Zhen, S., Hua, L., Takahashi, Y., Narita, S., Liu, Y., & Li, Y. (2014). In vitro and in vivo growth
suppression of human papillomavirus 16-positive cervical cancer cells by
CRISPR/Cas9. Biochemical and
Biophysical Research Communications, 450(4),
1422-1426. doi:10.1016/j.bbrc.2014.07.014
This article was published by researchers at various institutes from Asia. This article was
meant for those who had a very solid understanding of the subject at hand. This was very useful
because my initial idea was very similar to their project. I’m pretty sure that they are the same
thing. I want to fix the mutation in the p53 gene, while their project changed multiple oncogenes
that lead to increase in p53. This was found using the WPI database.
Wang, Z., & Sun, Y. (2010). Targeting p53 for novel anticancer therapy. Translational
Oncology, 3(1), 112. doi:10.1593/tlo.09250
This article was written by researchers at various institutes. This article
was meant for those who had a very solid understanding of the subject at hand. This helps out
my project because I found out that I should look more into wild type p53 and how it is different
from the other two kinds (normal and mutant). I found this source of a Google scholar search.

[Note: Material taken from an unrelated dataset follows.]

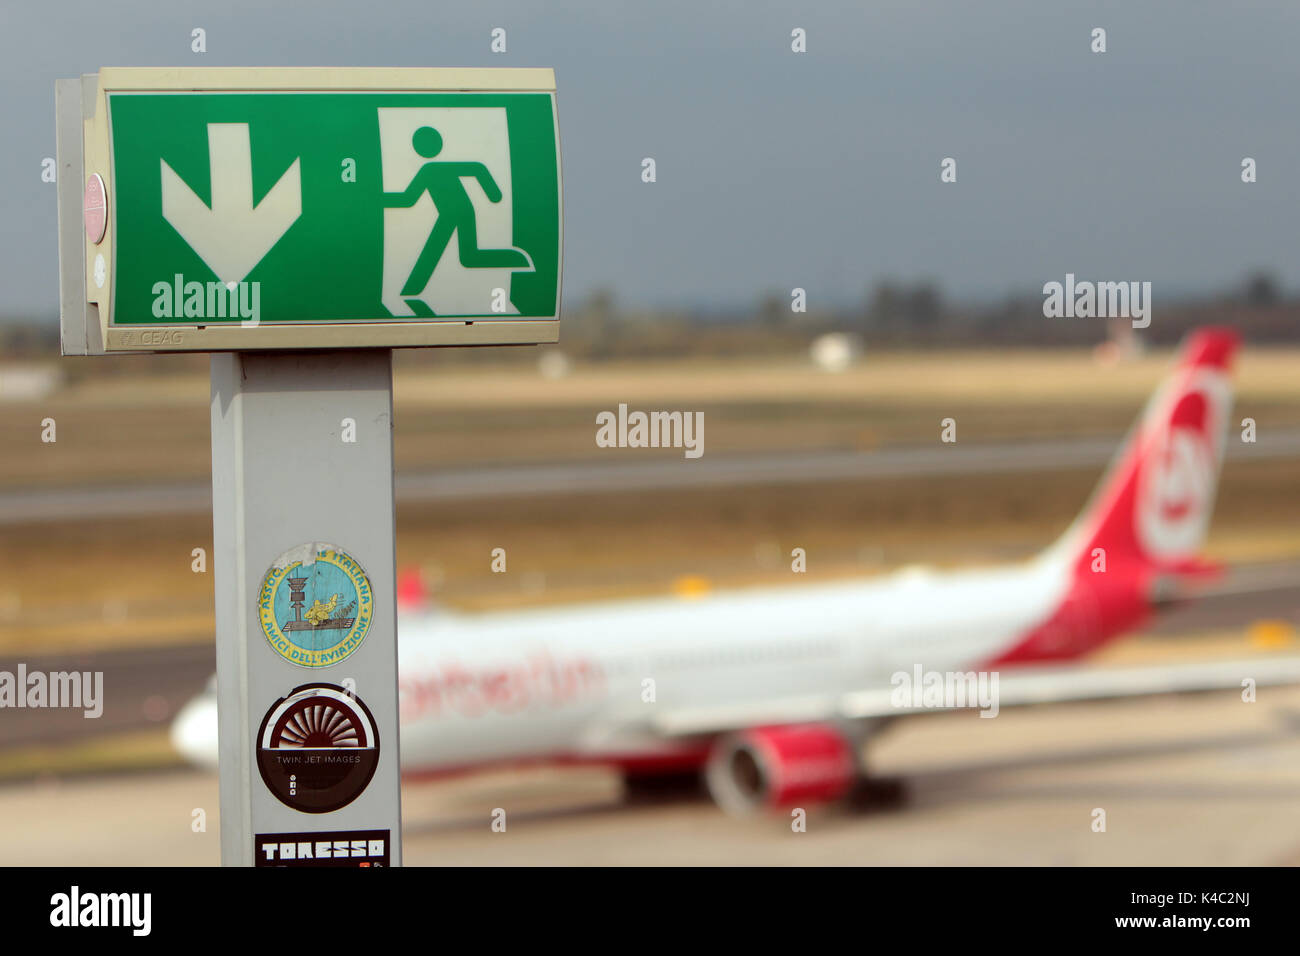 Crisis At Airberlin Airbus A320 With Emergency Exit Sign At Airport Duesseldorf Stock Photo

Fuster, J. J., Sanz-González, S. M., Moll, U. M., & Andrés, V. (2007). Classic and novel roles of
p53: Prospects for anticancer therapy. Trends in Molecular Medicine, 13(5), 192-199.
doi:10.1016/j.molmed.2007.03.002
This article was written by research experts in the fields of biology and pathology. This
was meant for someone who knows the information well. This was important because it brought
me to consider whether too much p53 would kill the organism – too much of the protein leads to
accelerated aging. I found this off WPI’s database.